Annotator reference

This section provides detailed reference documentation for each component of an annotator. An annotator consists of a python file, a YAML file, a data directory, and a markdown file (optional). The file structure is as follows:

annotator/
    |───annotator.md
    |───annotator.yml
    |───annotator.py
    └───data/

In an actual annotator, the name ‘annotator’ would be substituted for the annotator’s name. Also note that the annotator’s data source (the directiory annotator/data) will be filled with some configuration of data files. More info on the data source can be found at data.

`annotator.md`

The markdown file describes the module to prospective users. It is not required to run an annotator; however, it is required when publishing an annotator to the OpenCRAVAT store.

`annotator.yml`

The YAML file defines the input and output interfaces between an annotator and the rest of OpenCRAVAT. The YAML file specifies what data will be fed to annotator.py from OpenCRAVAT, and what data OpenCRAVAT should expect annotator.py to return. Below are the valid keys a developer may use in their YAML file.

Properties

Property	Required	Required to Publish	Description
`title`	X	X	The name of the module that will be displayed to the user.
`version`	X	X	The version number of the annotator. It is primarily used when publishing a module, but is required for all modules.
`type`	X	X	The module type, in this case ‘annotator’.
`level`	X	X	Either ‘variant’ or ‘gene’.
`input_format`			The input file type. Accepted values are `.crv`, `.crx`, and `.crg`. When omitted, the default is `.crv`.
`output_columns`	X	X	A list of the output columns from the annotator. See Output Columns sub-section for more details.
`description`		X	A short description of the module’s purpose and use.
`developer`		X	Information about the developer. Subkeys: name, email, organization, website, citation.

Output Columns

The output_columns property is a YAML list that enumerates the expected keys of the dictionary returned by annotator.py. The preparation of this dictionary is explained in greater detail in annotator.py. Each entry in the output_columns list requires three properties: name, title, and type described in the table below.
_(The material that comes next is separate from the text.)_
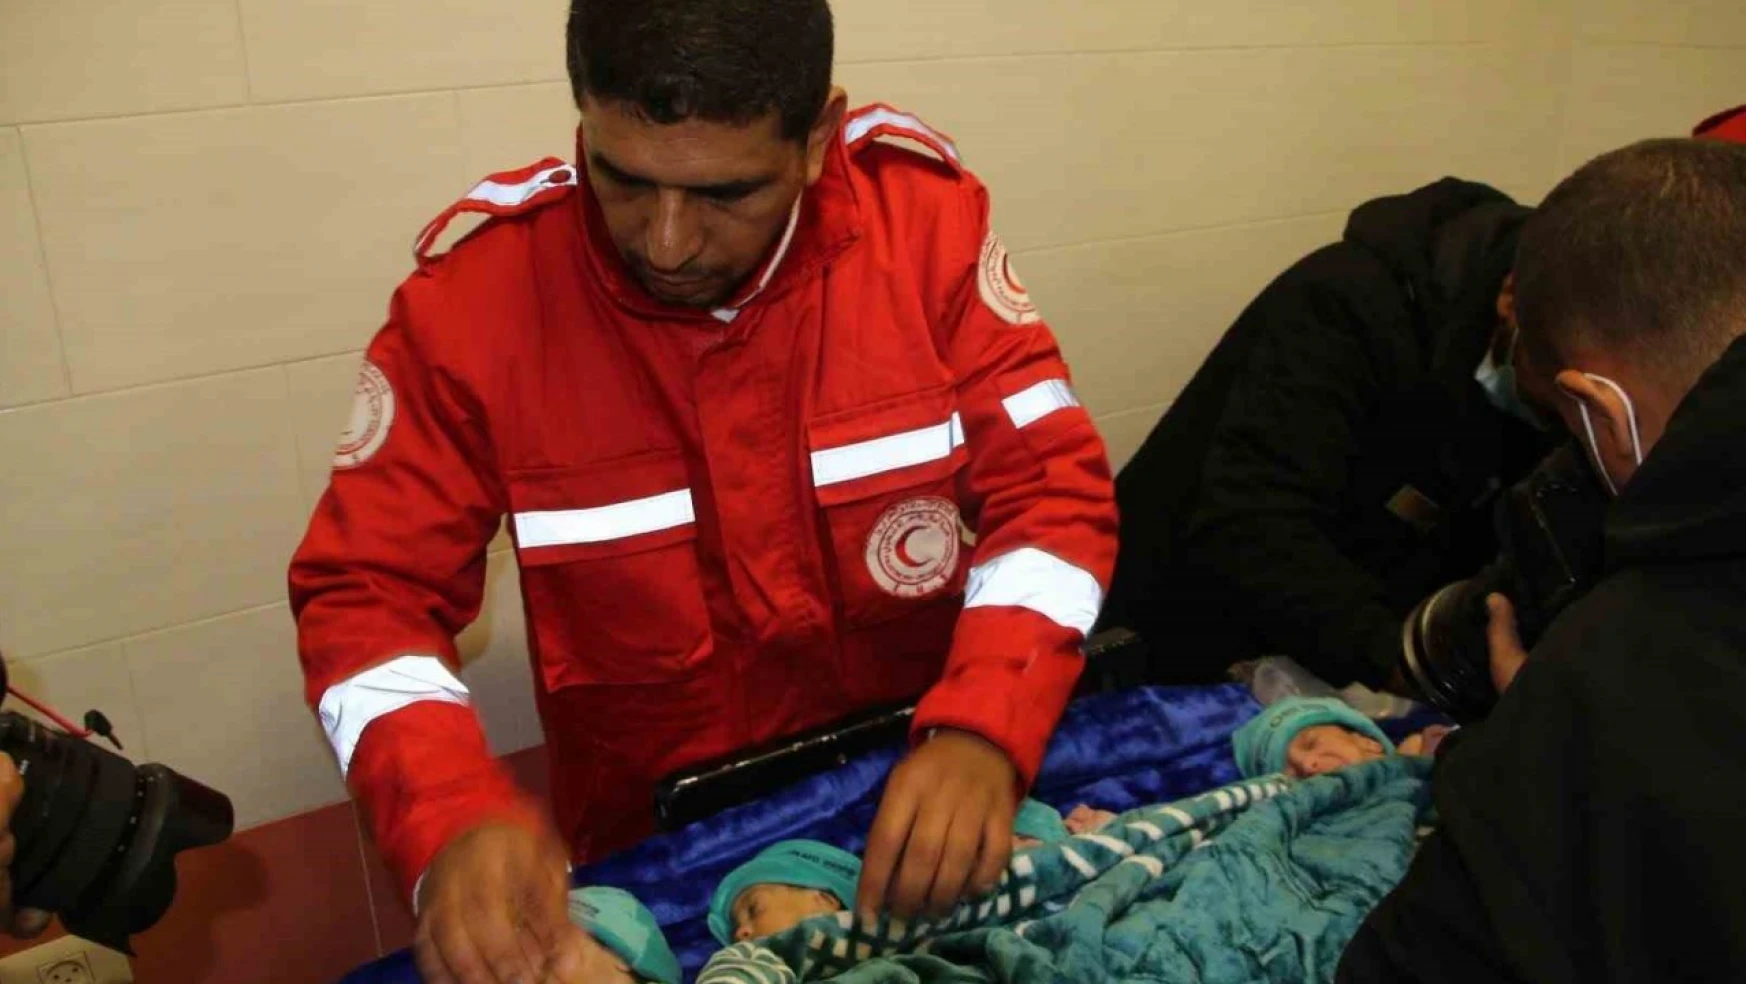 Şifa Hastanesi'nden tahliye edilen 28 prematüre bebek Mısır'a götürüldü

Property	Required	Required to Publish	Description
`name`	X	X	The column’s internal name. Used to identify the column in the output dictionary from `annotator.py` .
`title`	X	X	The column’s display name. Used in the final report.
`type`	X	X	The data-type of that column. Either `string`, `int`, or `float`.

`annotator.py`

The python module receives input data describing a single variant/gene, and uses it to lookup additional information specific to that annotator. An annotator.py works by extending a provided base class, BaseAnnotator, and implementing three instance methods: setup, annotate, and cleanup.

`setup`

The setup method executes once before the main loop over the input file. It is normally used to open file-handlers or database connections. More information on accessing the data source can be found in data.

`annotate`

The annotate method executes once per iteration of the main loop. The annotate method will receive an input_data argument, and possibly an optional secondary_data argument. These arguments represent the input data for a single variant/gene. Both arguments will be python dictionaries, whose format (including presence altogether for secondary_data) is determined by the input_format property of annotate.yml. The following table enumerates the possible keys of input_data, and which keys will be present in relation to the value of input_format.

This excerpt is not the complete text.